Land of 700 Hills - Saranda Forest
For centuries, these tribes people have remained separate from the outside world thanks to the dense jungle surrounding their home in a deep gorge carved by the perennial rivers, Karo and Koina, pass through these forested areas supporting a diverse floral and faunal resource. The entire region remains isolated and remote, much of it is still a mystery.
Apart of Sal wood, the forest is blessed with 500+ types of medicinal plants and herbs and home of wild honey bees such as apis darsota and apis laborosia honey bees. Once in a year, in the month of June-July, most of the forest region blooms with a special kind of wild grass which locally named as "Kangira Koma".
The wild honey bees, apis darsota and apis laborosia honey bees, known for their aggressive attacking behaviour, collects the nectar from the flower of these wild grass and produces honey in the hive naturally built on trees and cliffs.

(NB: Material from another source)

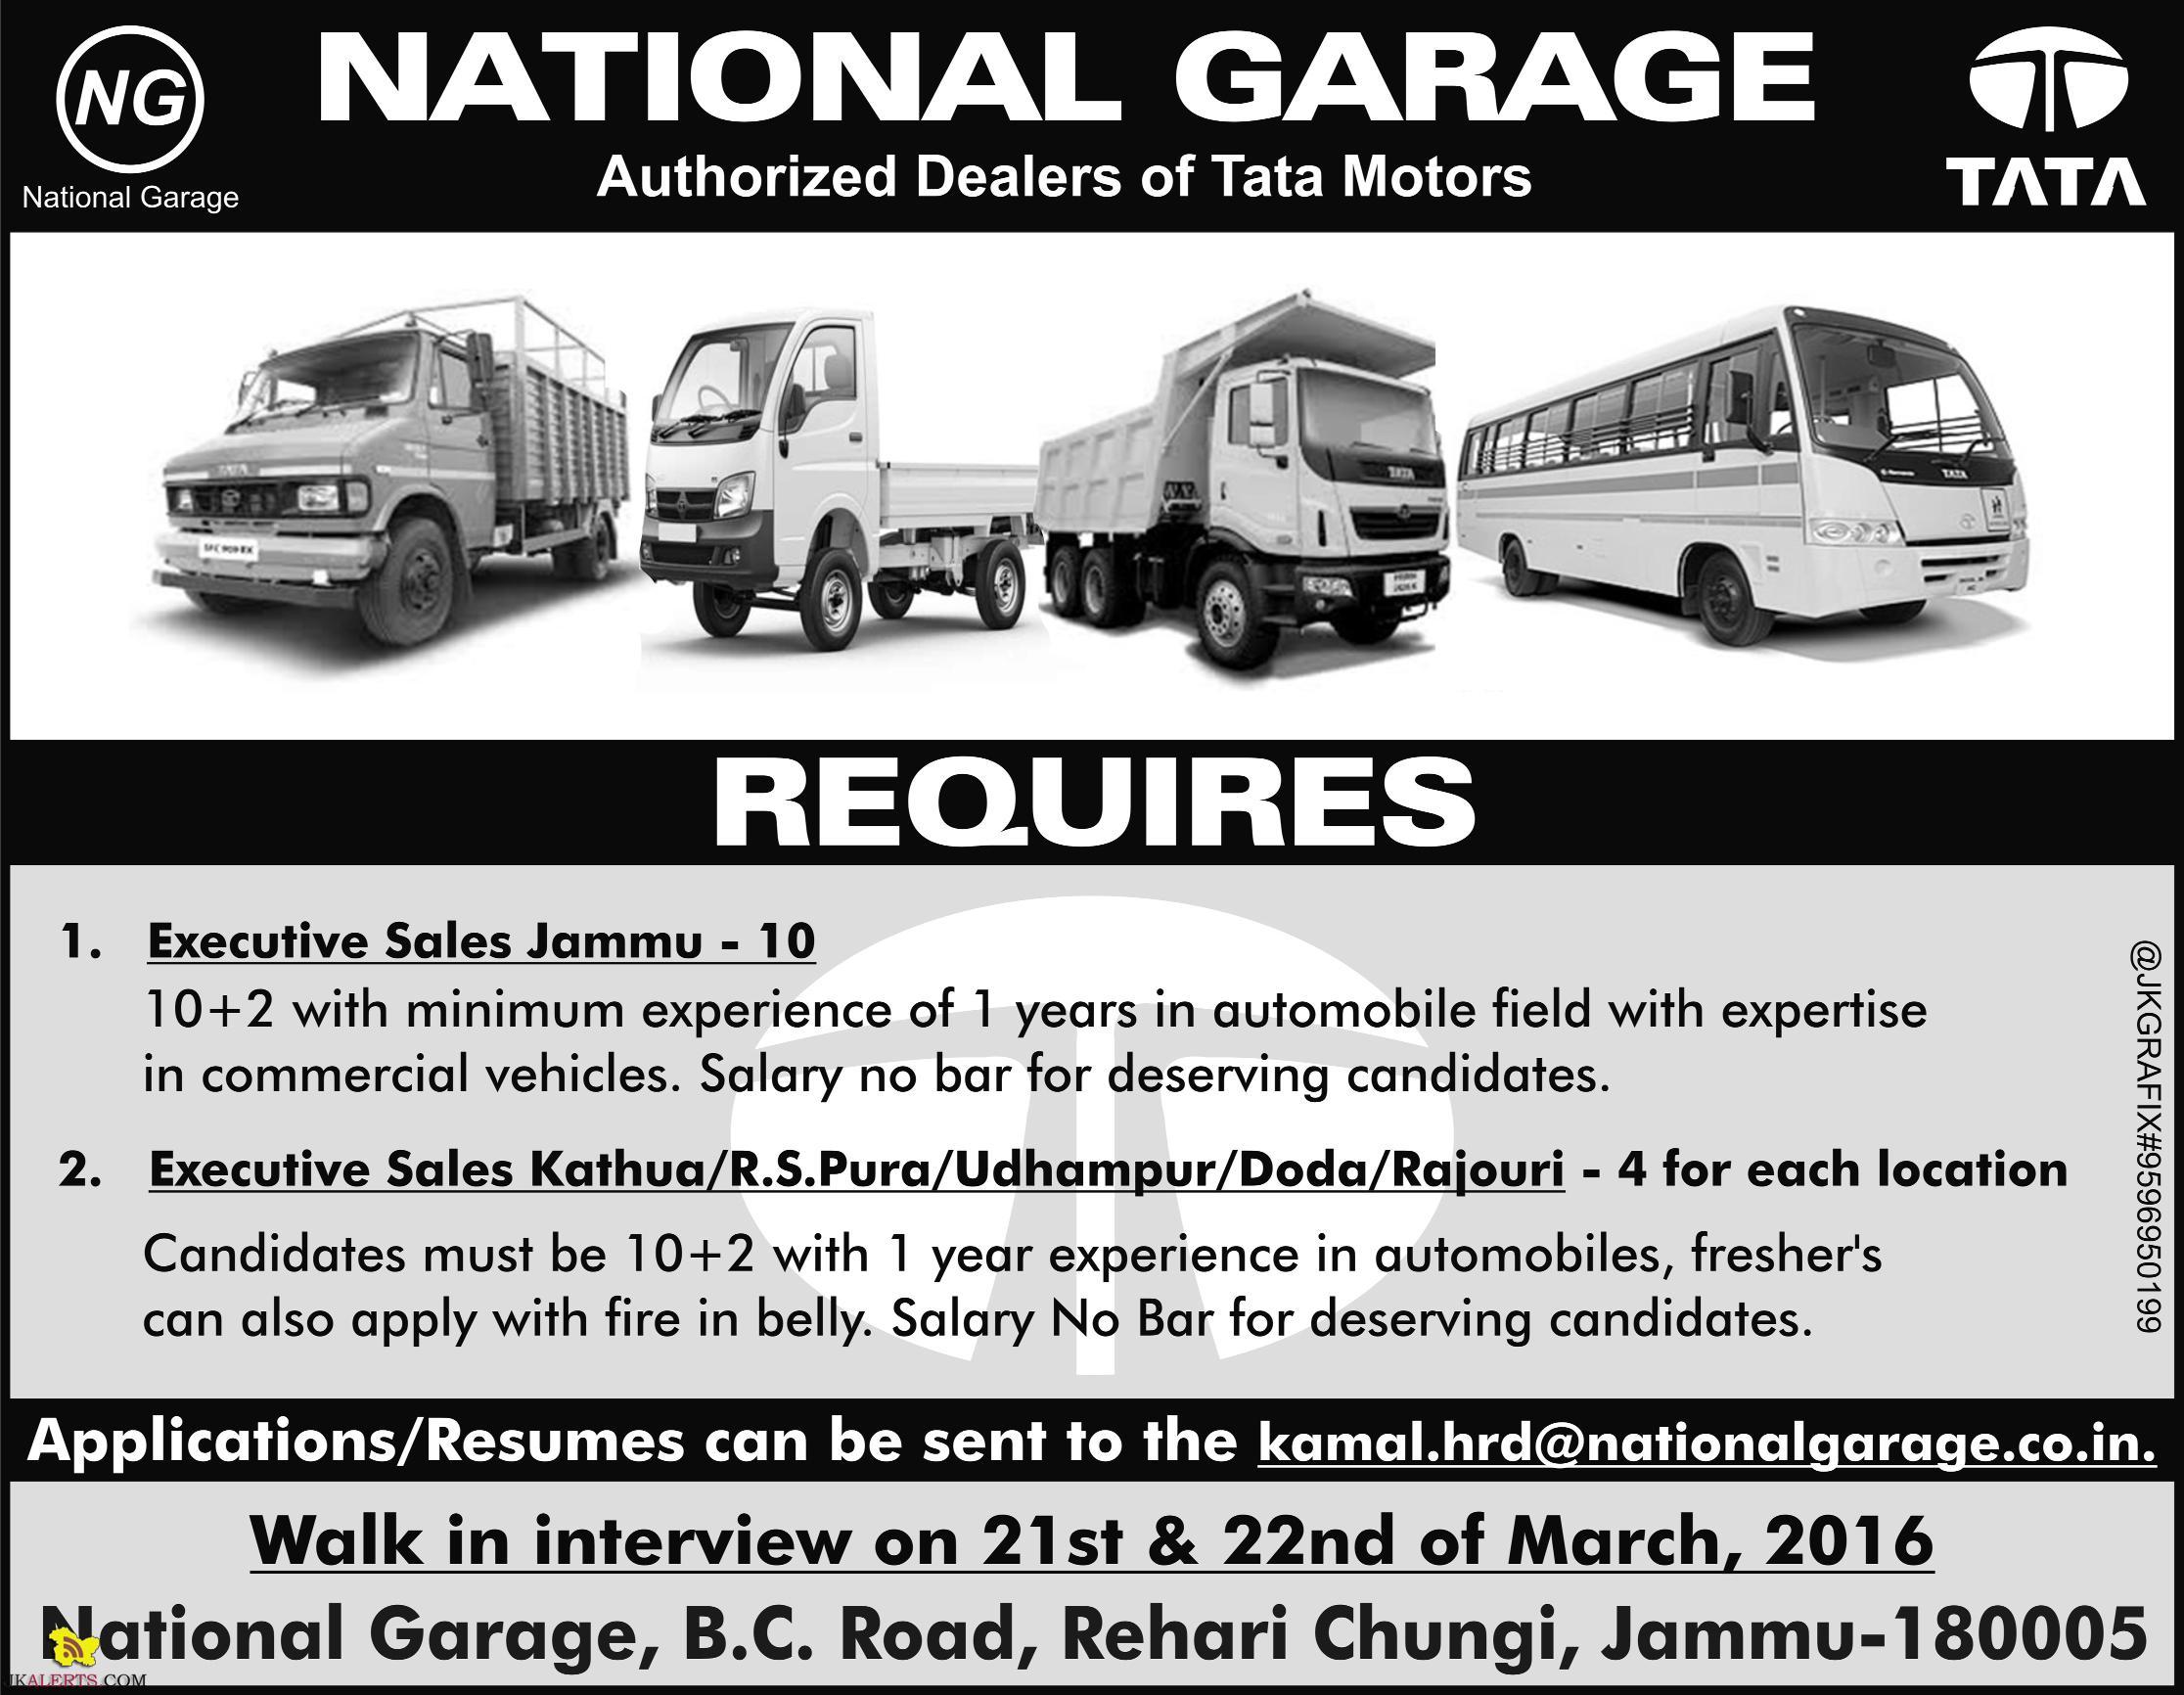 Jobs in National Garage Kathua, R.S.Pura, Udhampur, Doda , Rajouri

Each hive consists of 90,000 - 1,50,000 wild honey bees and each hive takes 15-20 day’s time to produces 7 - 10 kg honey. Nomadic Birhors tribes are skilled honey hunters, they use to carefully climb the 50 - 70 m high on the trees with Smoke from smouldering grass which disorients the bees, possibly reducing the number of stings climber will suffer.
The wild bees are guarding kgs of a sticky, reddish fluid which locally known "Madhma". This Jharkhandi raw honey is dark red in color with strong woody aroma and smoky taste.

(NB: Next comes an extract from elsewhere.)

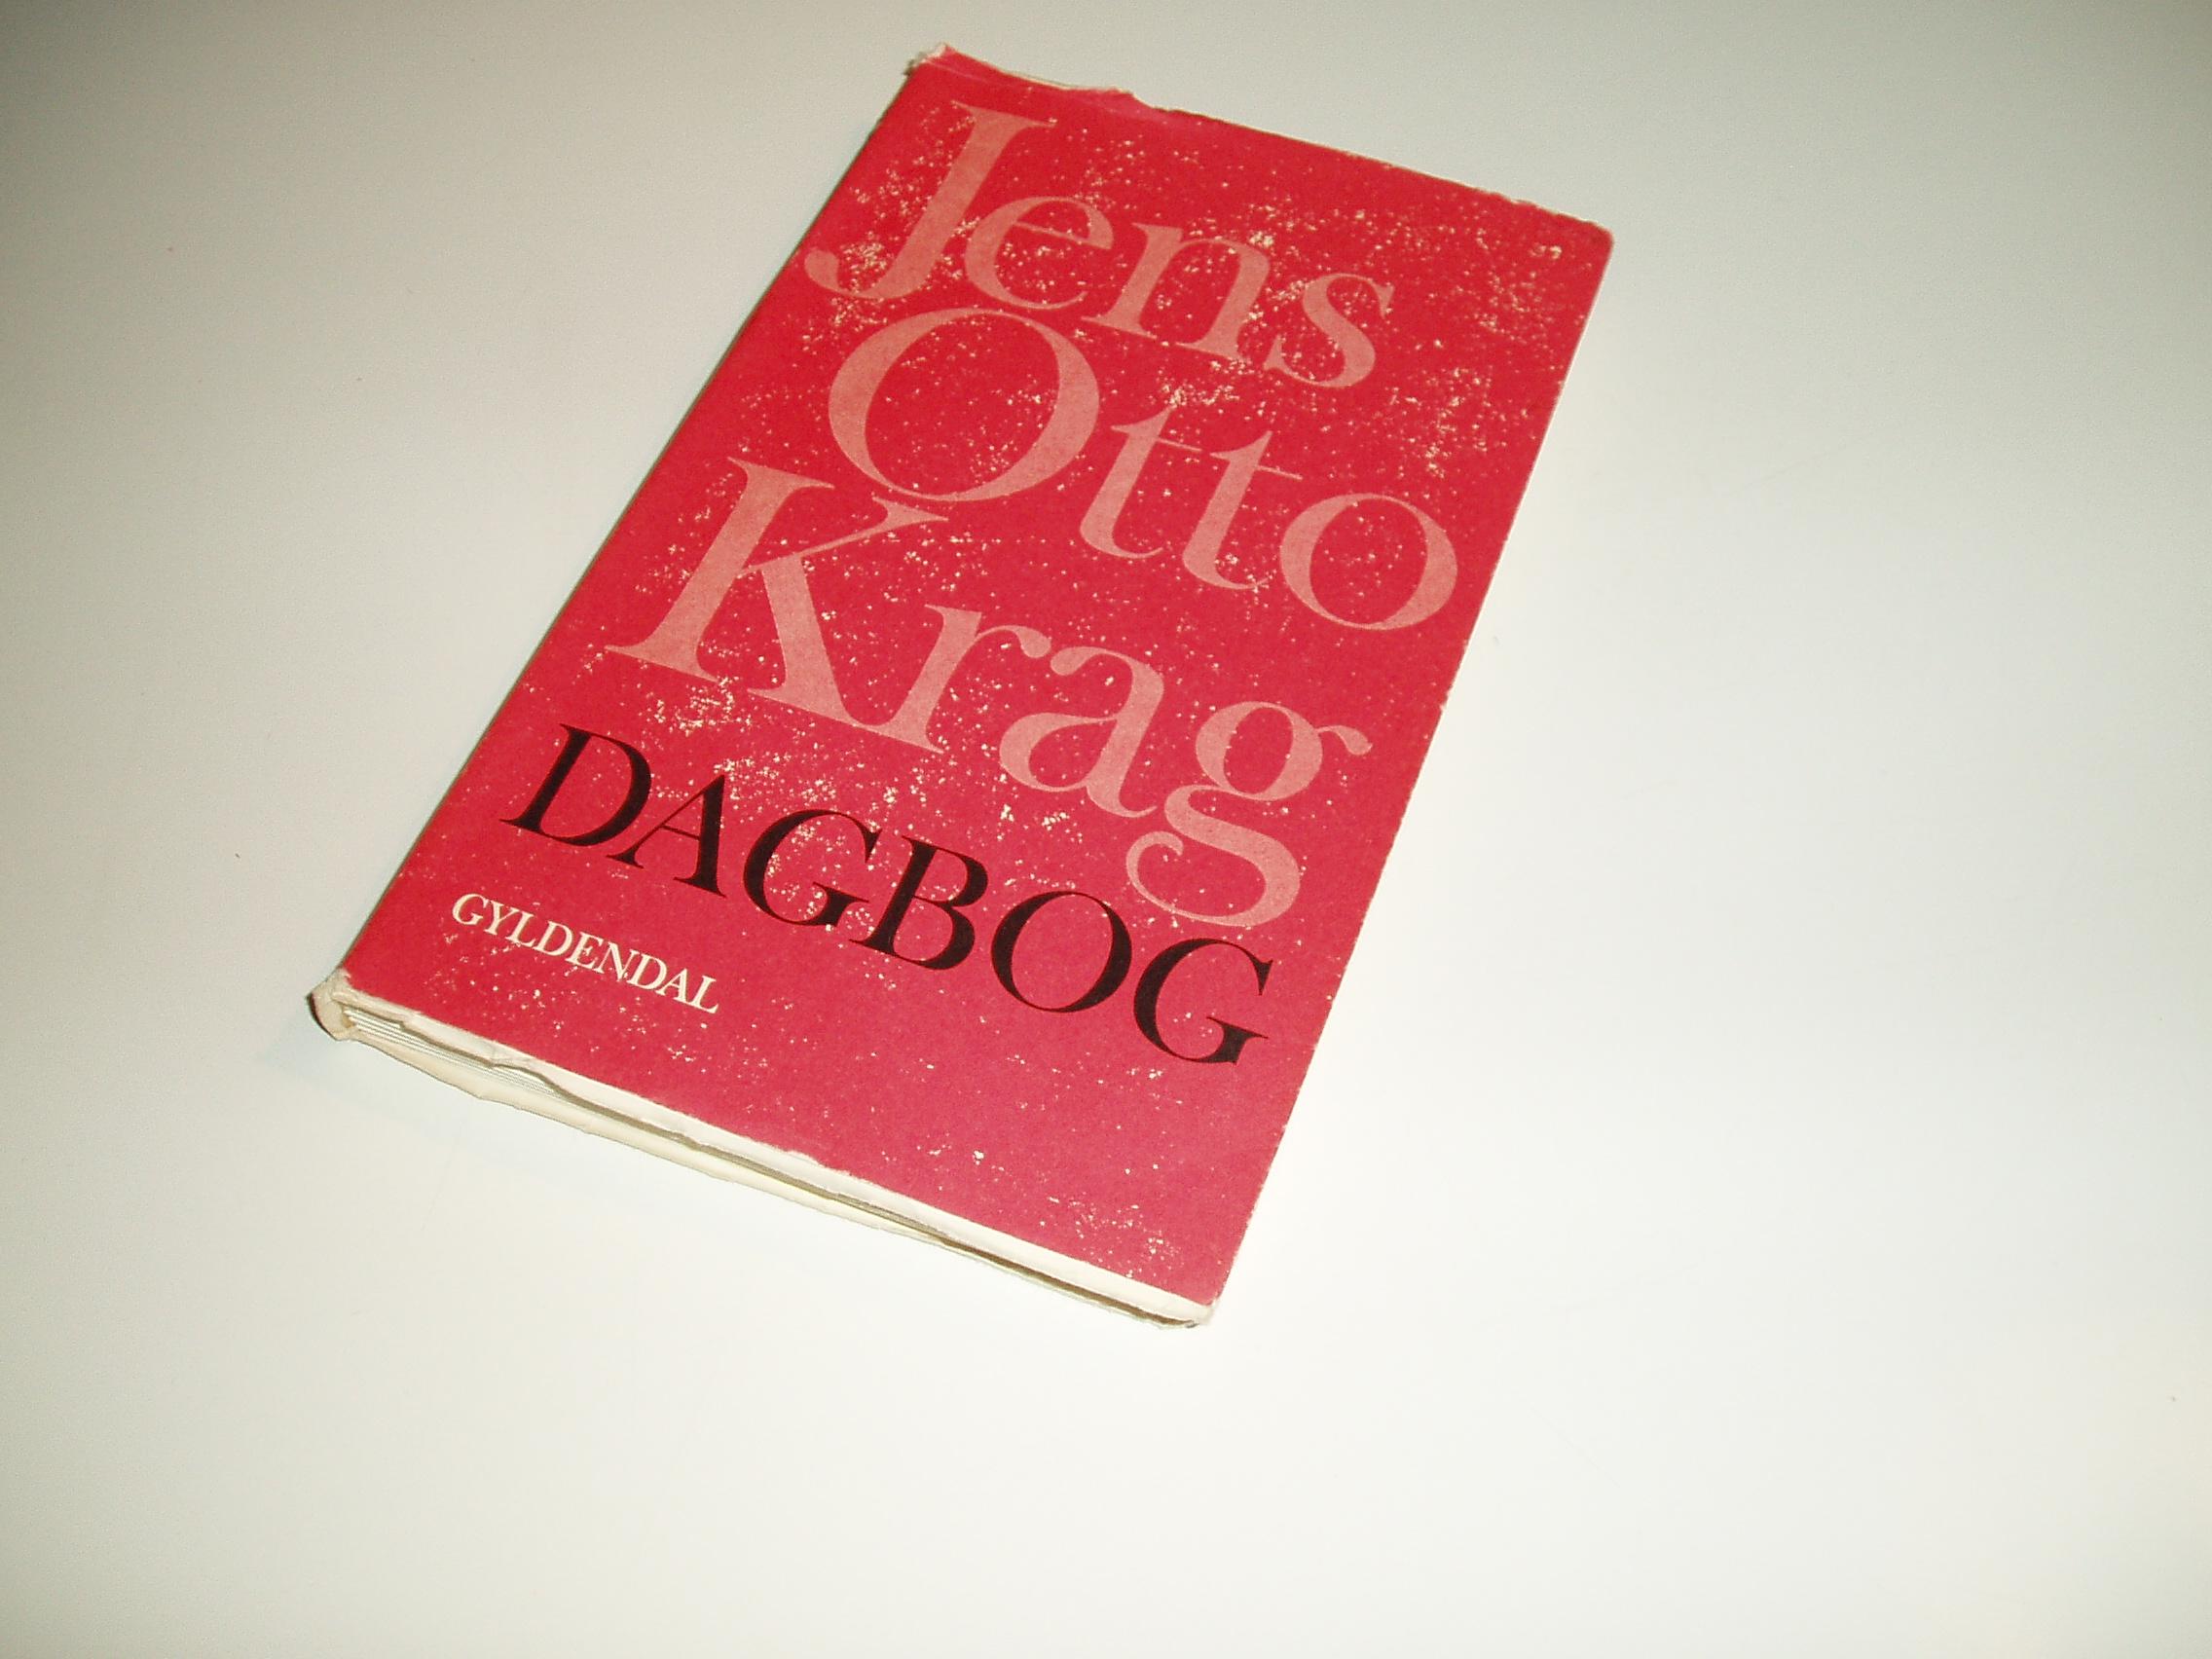 Dagbog 1971-1972

From the rich brown earthen hues of the forest ground to the sweetness of the blue-white sky, the Saranda forest is a three dimensional wonderland for the eyes who are willing to absorb the light. It is a place of ancient souls, of the creatures who dwell with the sweet sounds of moving water and bird song. Somehow this is more home than home, it is a land where time stood still.